Today is my dad’s 50th birthday. Being the big five-oh, we couldn’t just do our regular restaurant and cake at home routine, so the decision was made to spend our evening at Lawry’s the Prime RIb. I’ve been doing a good job of watching what I eat lately, but at a restaurant like Lawry’s I had no choice but to throw caution to the wind. Equipped with a steak, mushrooms, mashed potatoes, cream corn, cream spinach and yorkshire pudding, I ate so much, so quickly that I started to hallucinate and temporarily went deaf.
Regardless, it was absolutely worth it. If you’re ever in LA and have a craving for meat, this place will undoubtedly satisfy the carnivore within. And if you use my strategy of “eat everything within arm’s length,” you’ll be treated to a free food coma.
And before the food takes over and I begin my hibernation, I have to say that our waitress was incredibly sweet and down to earth. But hilariously enough, she had a name that you’d only find on a stripper.
As the wave of posts from the past couple of hours would suggest, us Californians got to practice our earthquake drill skills. For the uninitiated, growing up in California meant monthly earthquake drills from elementary school through high school. Earthquake drills were just like fire drills, only we’d have to hide underneath our desks and inside of door frames before getting into a single-file line and walking out to a field/playground. To aid in the simulation, school administrators would sometimes get on the school’s intercom and say something ridiculous like, “Rumble rumble, shake shake,” or, “Earthquake! Earthquake!”
Oftentimes, my friends and I would help even further by screaming as if we were facing armageddon.

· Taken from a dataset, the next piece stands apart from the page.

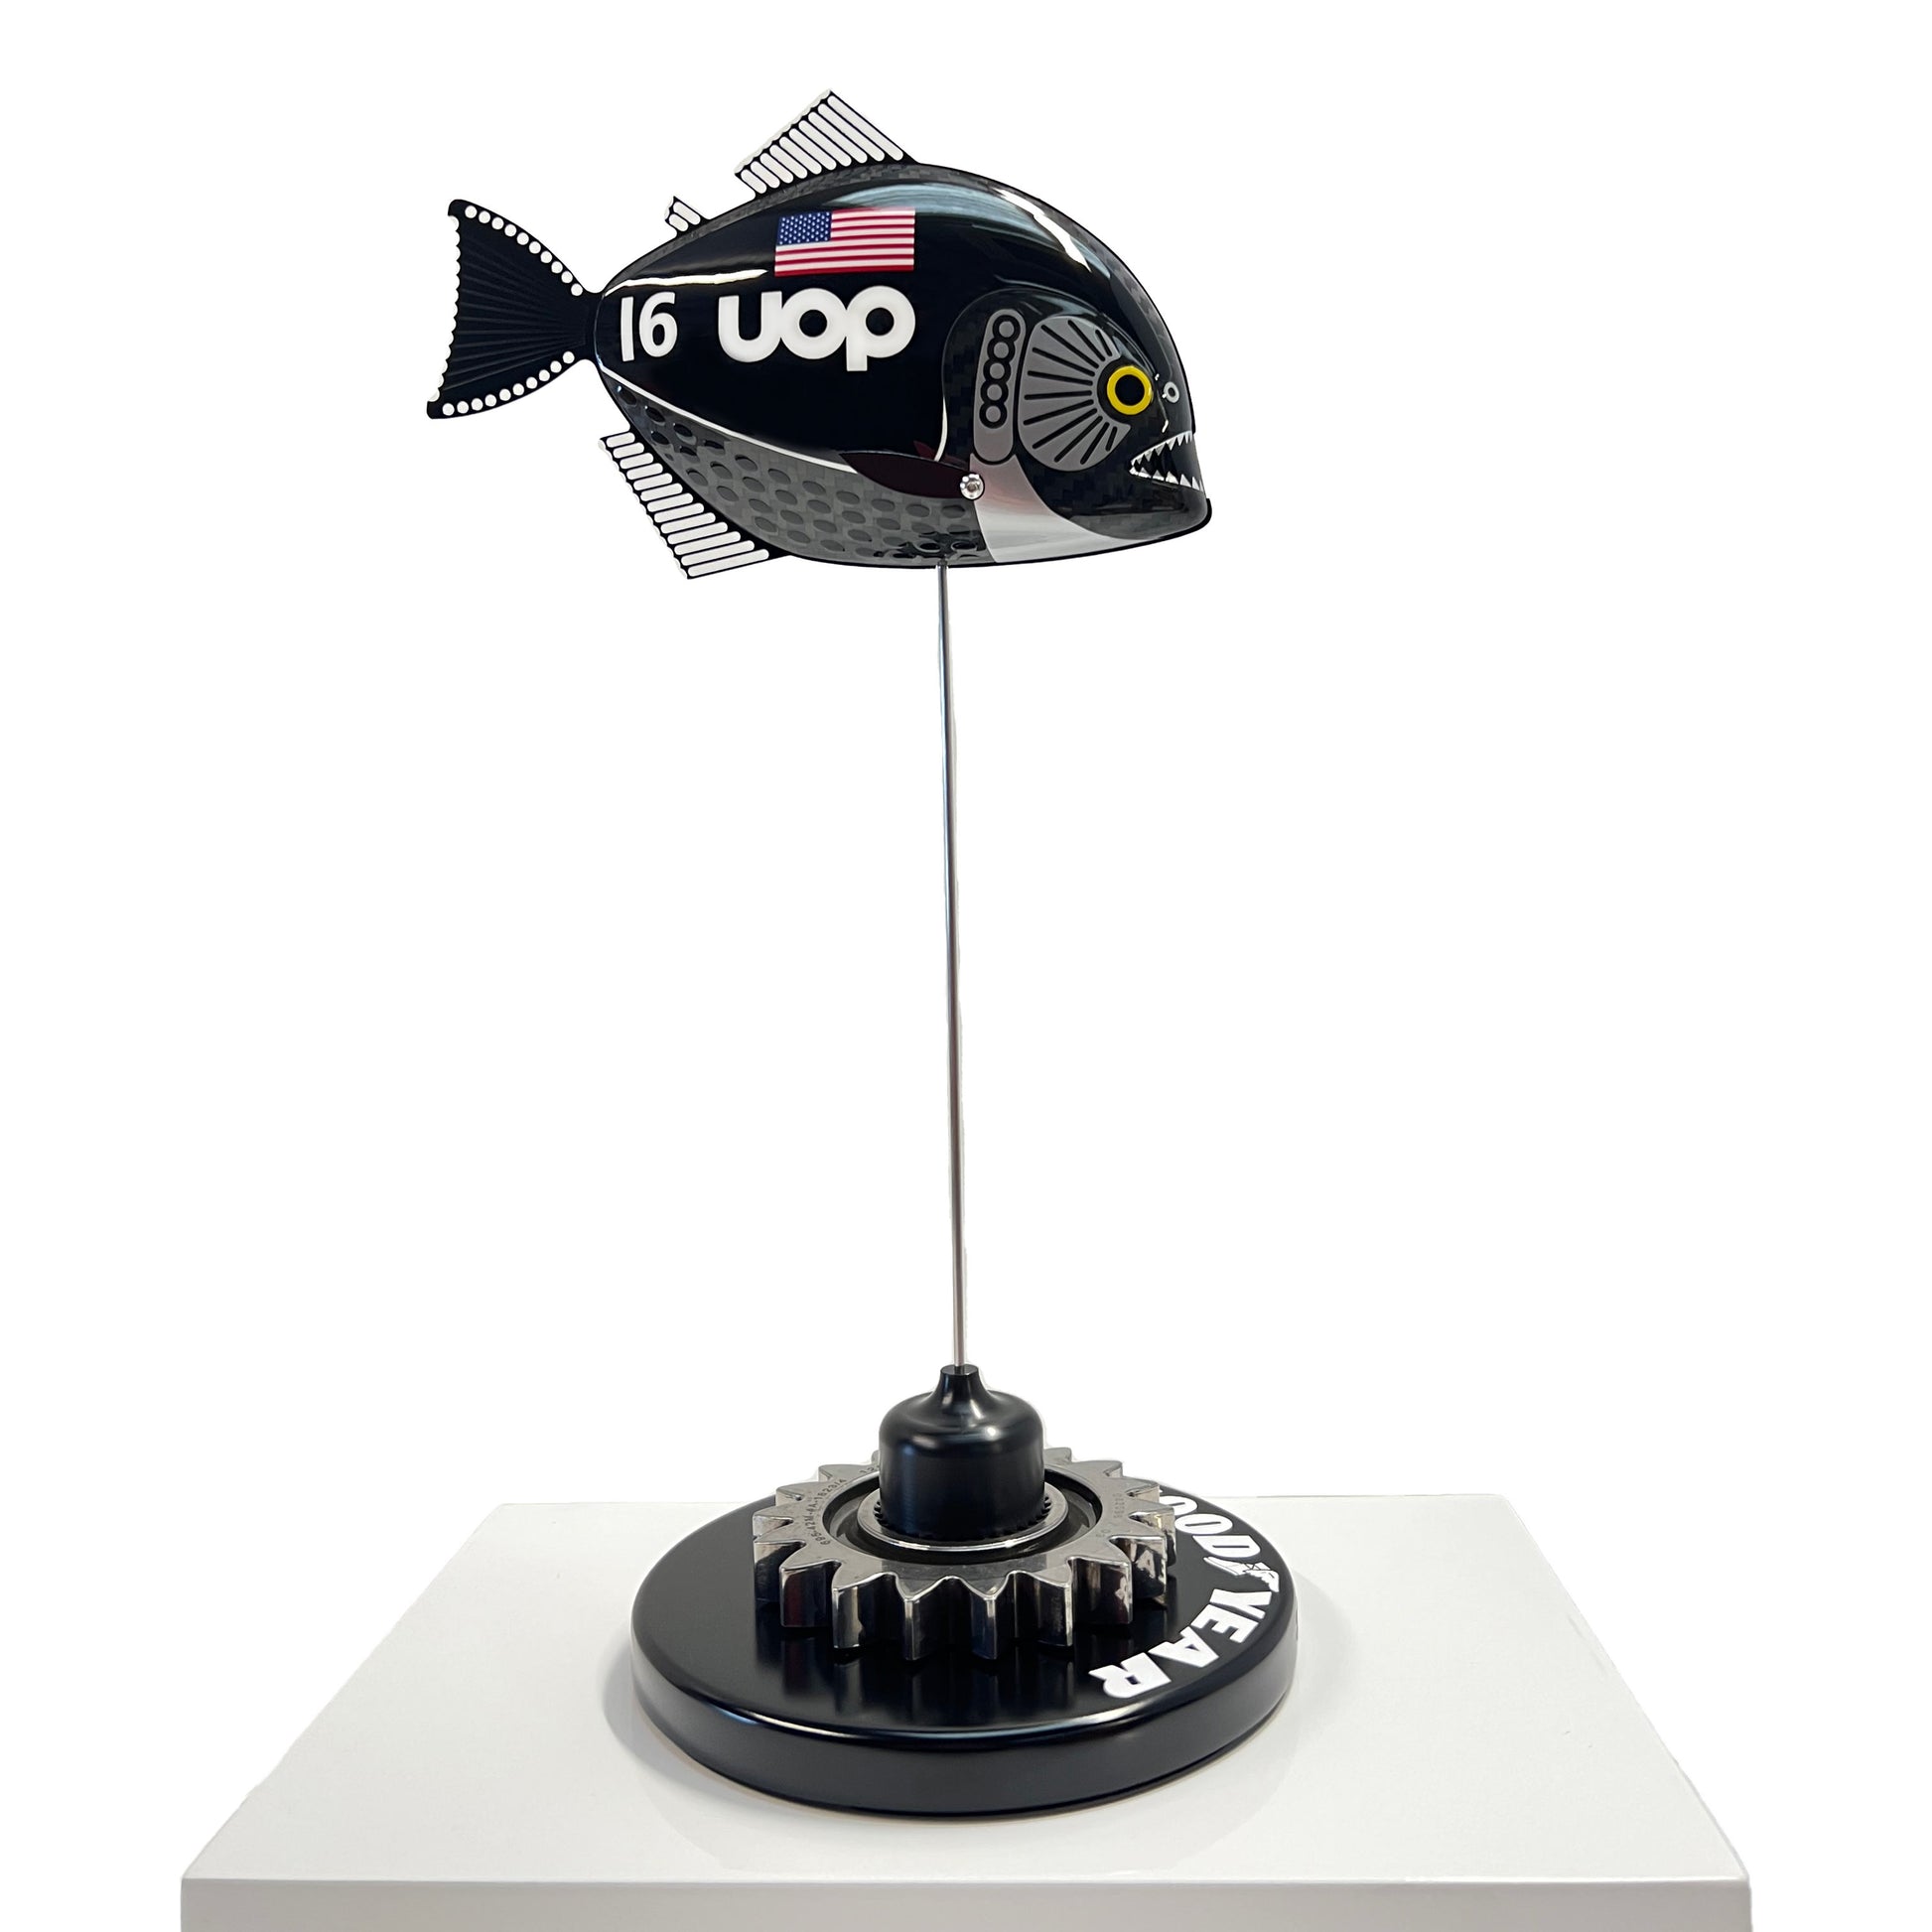 Carbon fibre Piranha fish with UOP livery on a black base with F1 gear

Today we got to put all of that training to use. To display my staggering knowledge of earthquake safety and preparedness I stood in the middle of a room, right next to two gigantic filing cabinets as I asked out loud, “What the hell? Is a giant truck coming down the street?”
When I realized that it was, in fact, an earthquake I assumed a surfer stance. As if I was going to ride the giant surfboard of California to safety. I’m sure the two girls I work with were very impressed. After a few moments of getting our wits about us, one of the girls realized she was still in the middle of a phone call. Still in shock and a little freaked out, she picked up the receiver and continued her call. And in the fastest turnaround I’ve ever seen from scared to completely cool and relaxed, she nonchalantly said, “Um, hello? Sorry about that. Oh, no, nothing. We just had an earthquake. How can I help you?”
The earthquake couldn’t knock me off my feet, but that line made me fall to the ground laughing.
I was just talking with an old friend and we realized that 10 years ago we were getting ready for our freshman year of high school. How in the hell did that happen?!
I think I accidentally just sent us both spiraling into a quarter-life crisis.
I found myself at a crossroads a moment ago while washing my hands. Halfway into rinsing the soap off of my hands, I felt a sudden and undeniable urge to pee (I think the rushing faucet water set me off).
At that moment, I began to debate between hygiene and laziness.
Would I do the right thing and wash my hands again? Or would I give in to the voice in my head whining, “But I just washed them!”
Even though I decided against being disgusting, I knew I had a reached a low point in my laziness. At this rate, my next stop is just peeing my pants and then shrugging to my reflection in the bathroom mirror.
-John C. Reilly (Jimmy Kimmel Live on 7-24-08)
I must say, even though Step Brothers looks like it’s going to be awful, Will Ferrell and John C. Reilly form one of the best comedy duos I’ve seen in a very long time.
Because of the lack of tickets and my aversion to large crowds in movie theaters, I waited until yesterday to finally see The Dark Knight. I think I overhyped it to myself because I didn’t leave the theater pulsing with adrenaline and considering a career in vigilante justice and superheroism. Don’t get me wrong, I still thought it was great. I just didn’t devolve into a babbling child afterward, like I’ve done after other superhero movies.
With that said, I definitely agreed with all the praise Heath Ledger has received for his portrayal of the Joker. He was pitch perfect within the Gotham that Christopher Nolan and company have created. But, halfway into the movie I couldn’t help but compare Ledger’s Joker to another recent villain that earned tons of rave reviews: Anton Chigurh.
And as usual, I must break it down into a very simplistic argument of “who would win in a fight?” Though, in this case, I think it’s more appropriate to ask which bad guy I’d least want to cross paths with. After much careful deliberation (I thought about it during lunch in between daydreaming about naked ladies), I have to give it to Chigurh.
Joker was a self-proclaimed “agent of chaos” that would leave mayhem and destruction in his wake, and chances are you’re dead if you’re in his way. On the other hand, Chigurh was death incarnate and would not and could not be stopped if you were his target. There was no question about it, and as the theme went in No Country For Old Men, if you saw him, you were dead.
Regardless, both were really awesome villains that operated outside the normal range of motivation and logic.
Has there ever been any research on why sandwiches taste better when cut in half diagonally?